It is always desirable to ensure that every piece of knowledge has a single, unambiguous, authoritative representation in our codebase. However, sometimes violating such principle can result in improved overall quality of the software project. For instance, when we write documentation containing example code snippets, it is desirable to write tests for them - however, if we do so, the same code example will exist both in documentation and in tests! Such duplication of knowledge has tangible adverse consequences - when documentation is updated to new examples, tests become obsolete. Moreover, the discrepancy between multiple copies of the same knowledge (e.g., code example) can only be spotted with manual inspection.

Under such circumstances, to establish a single source of trough in an enforceable manner, we can turn to the DocCheck tool. Simply put, DocCheck enforces the consistency constraints as specified by the users between textual artifacts in our codebase. Textual artifacts can be:

Specifically, DocCheck allows us to precisely specify how a textual artifact is derived from another. Such specification is then parsed and verified by our software testing infrastructure to ensure the consistency between derived textual artifact and the original one.
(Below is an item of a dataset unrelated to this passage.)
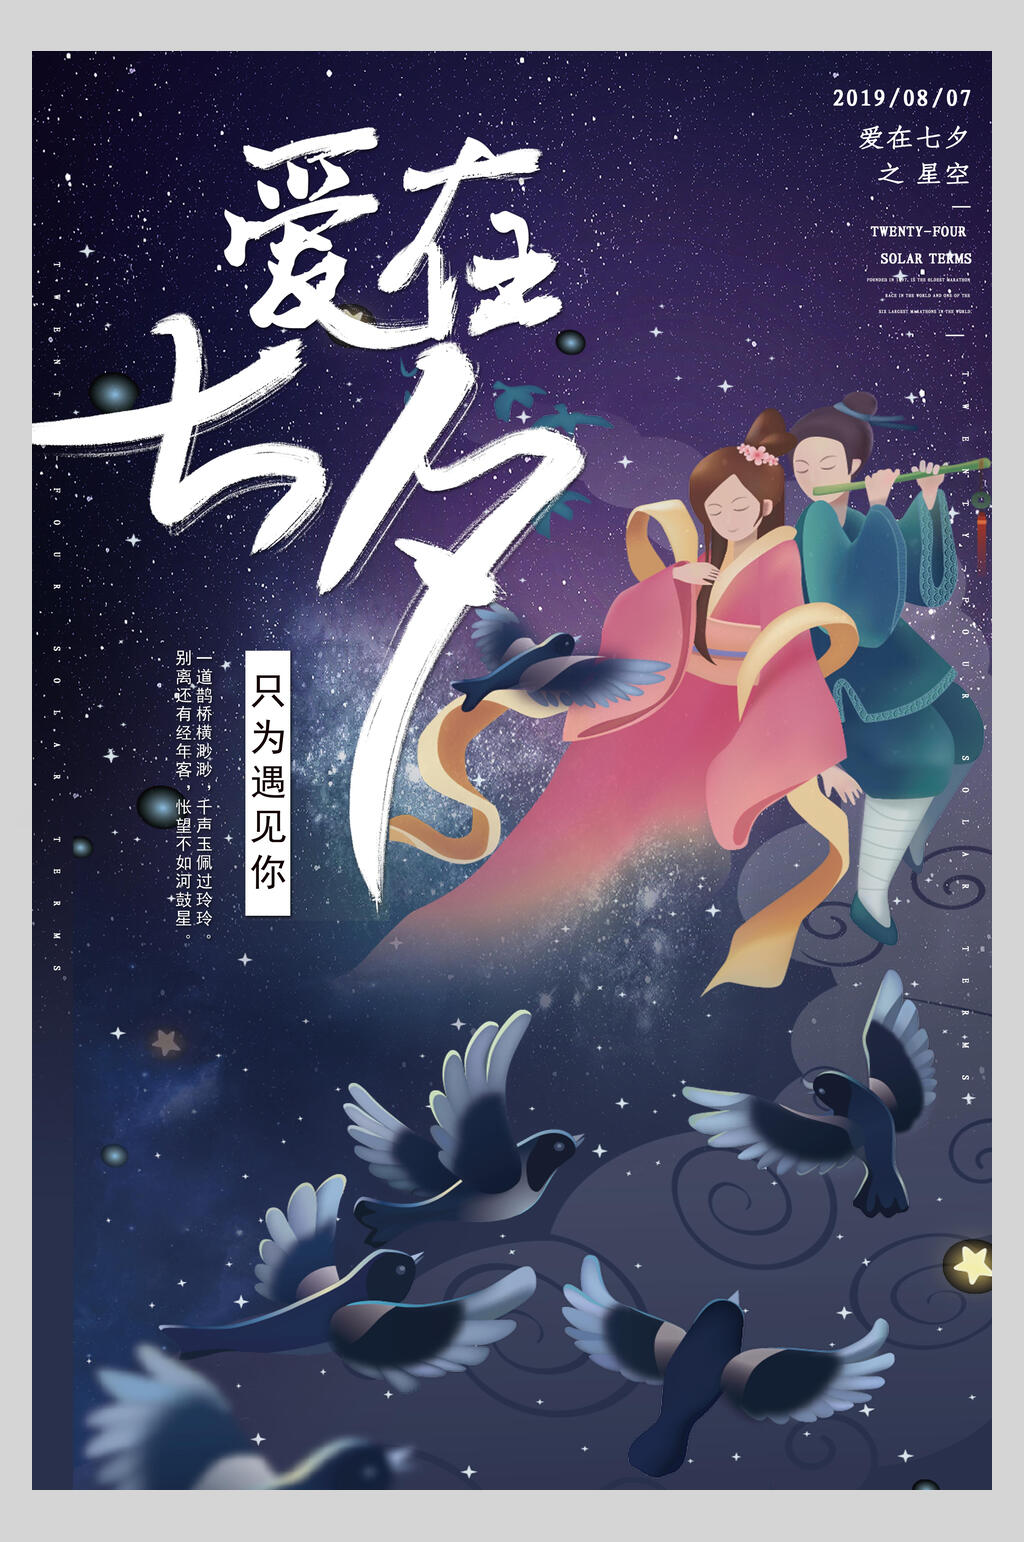 众图网独家提供仙鹤爱在七夕情人节海报素材免费下载,本作品是由小红
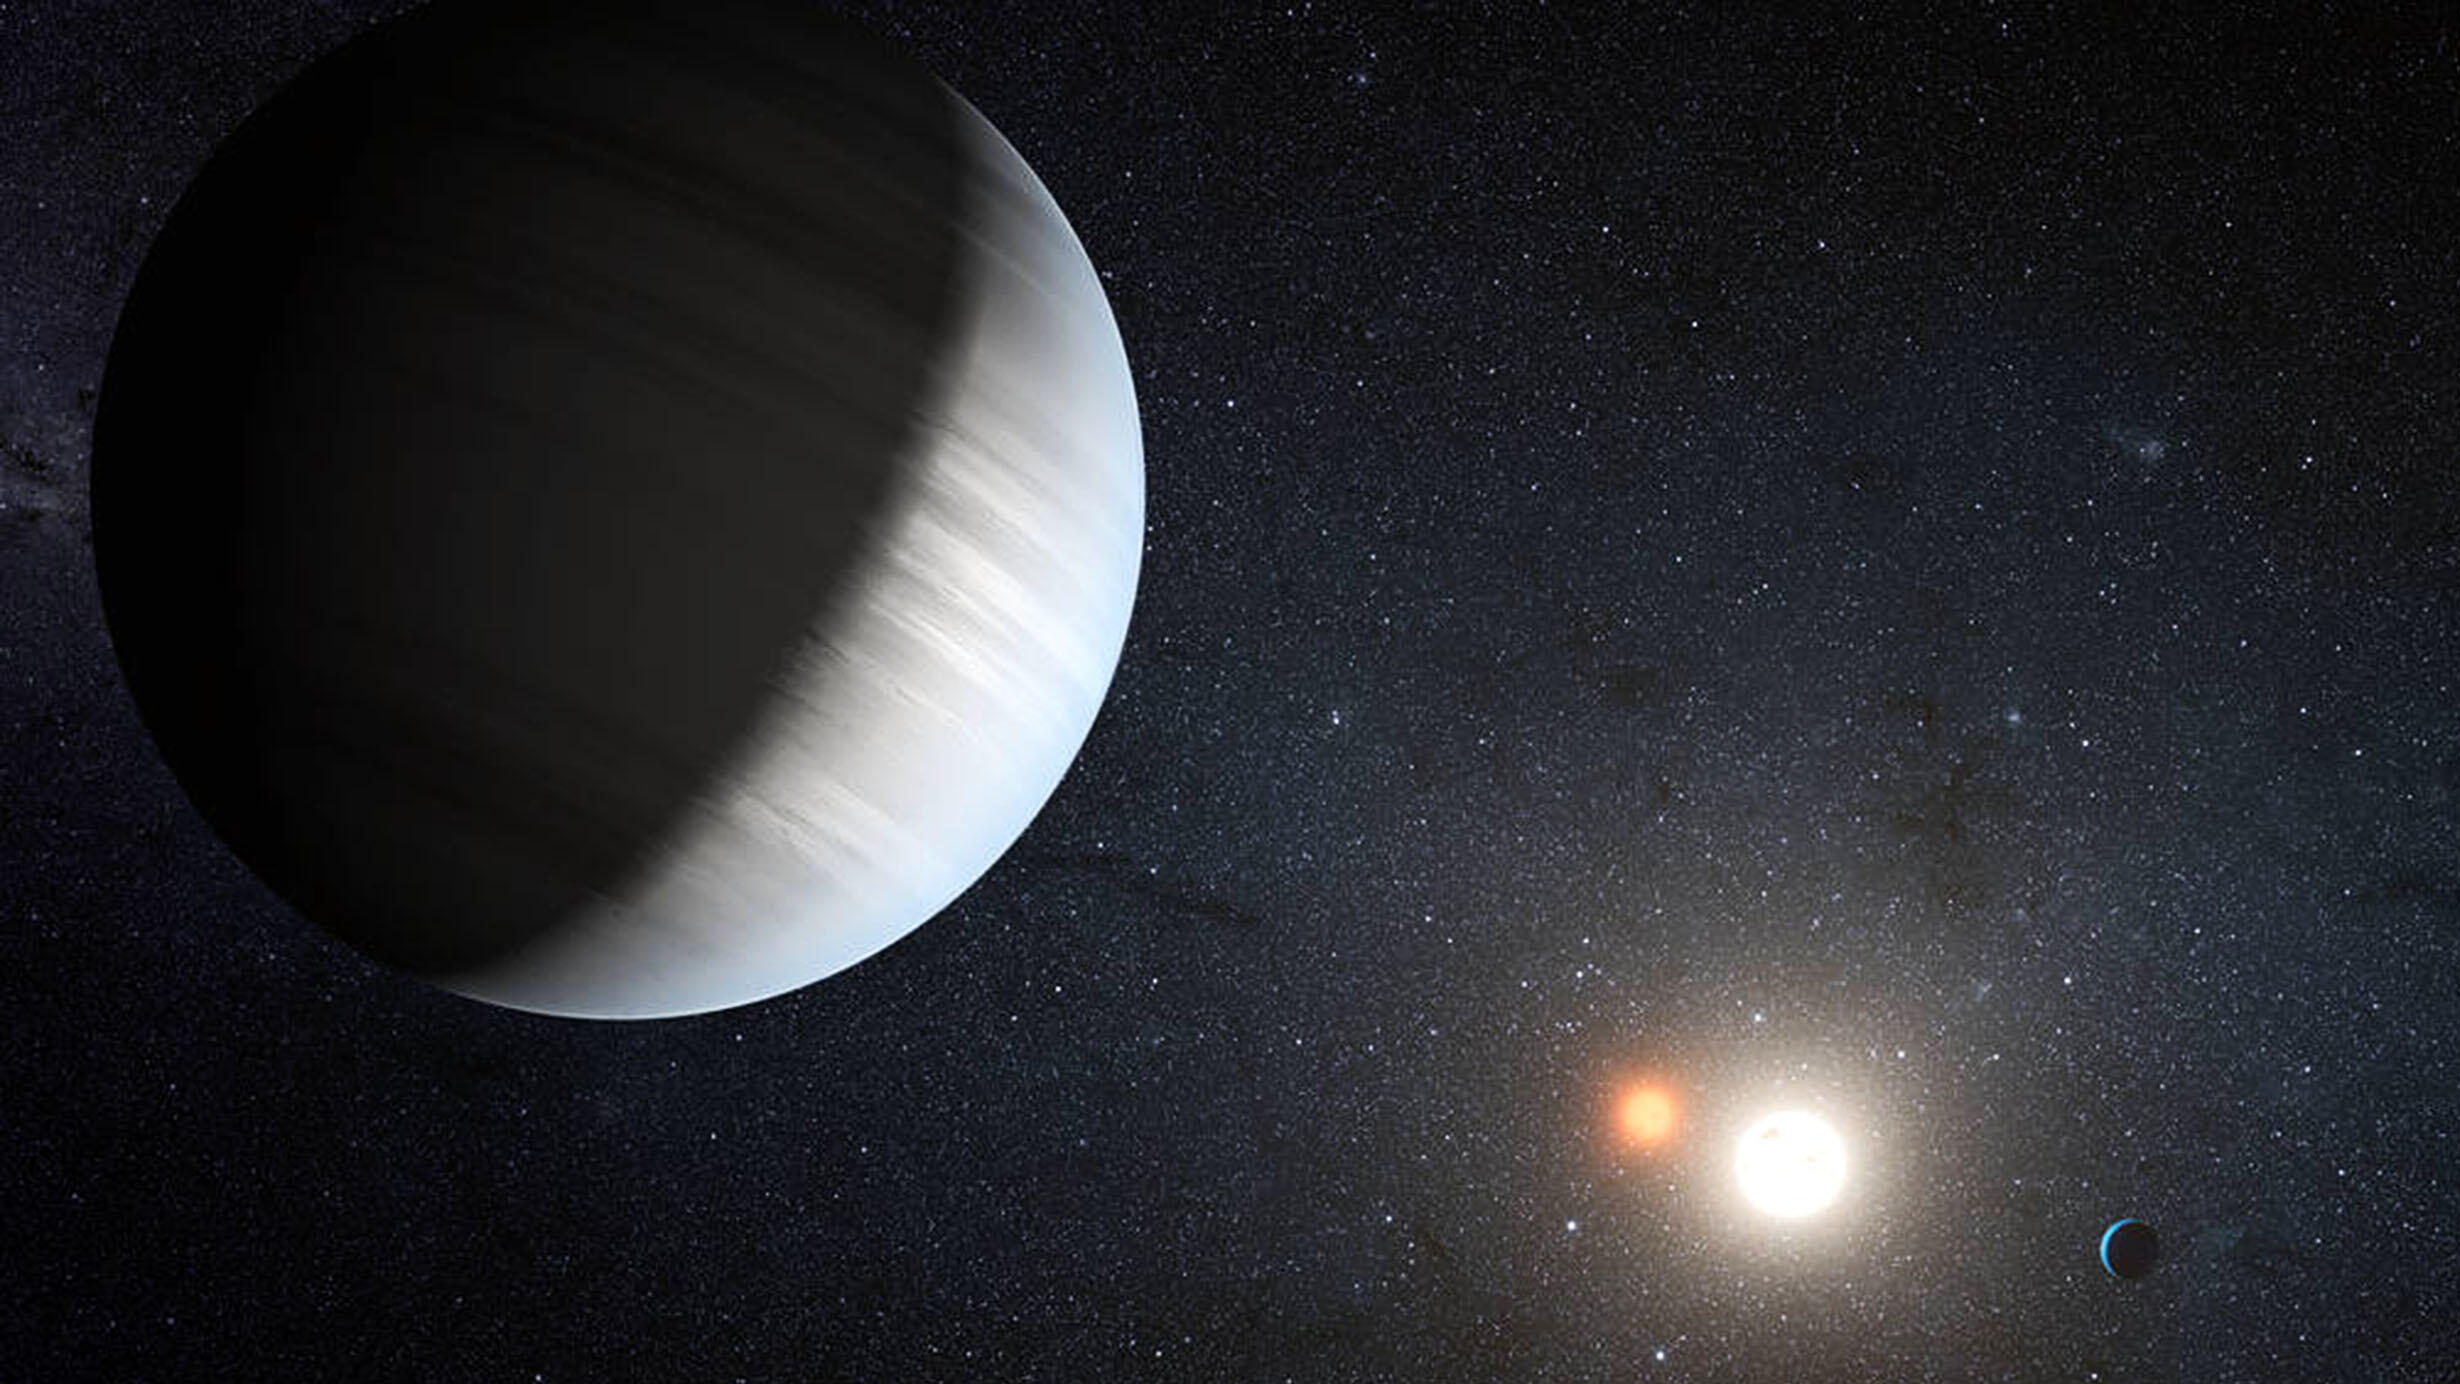 kepler-47-exoplanet-illustration-2460-1384

This overall workflow provides an enforceable way to establish a single, unambiguous and authoritative representation of knowledge in our codebase.

Directives

Directives can be used to communicate the relationship between derived and original textual artifacts to DocCheck. DocCheck will perform consistency constraints checking according to the specification. In this section, supported directives are explained in details.

Currently, directives can be specified either in a Markdown file or in a standalone DocCheck configuration file (a file ending with .dc suffix). For markdown file, specify directive using the following syntax:

[{directive}]: <> ({configuration})

For standalone DocCheck configuration file, use the following syntax:

{directive}({configuration})

where {directive} is the name of the directive and {configuration} expresses the specific parameters of this directive. In general, a directive configuration is expressed using a python dictionary literal, with supported configuration parameter name as keys and the desired state of configuration as values.

Special shorthands exist for each directive individually.

same-as-file:

Use same-as-file directive to ensure that the code section following this directive is the same as a source file. This is useful primarily because testing code snippet in documentation directly is often impossible. However, unit tests can be written utilizing an exact copy of the code snippet content. We can use same-as-file directive to ensure the code snippet is always the same as its copy used in some unit tests.

same-as-file directive supports a convenient short-hand configuration format where the directive configuration can be fully specified using the name of the reference file to check against. For example, to ensure a code snippet is the same as a unit-tested file reference.cpp, use the following directive as shown in the documentation snippet:

same-as-file: <> ({“ref”: “docs/doc_check/test/same-as-file/simple/README.md”, “skip-ref”: 2})

Lorem ipsum dolor sit amet, consectetur adipiscing elit.

[same-as-file]: <> (reference.cpp)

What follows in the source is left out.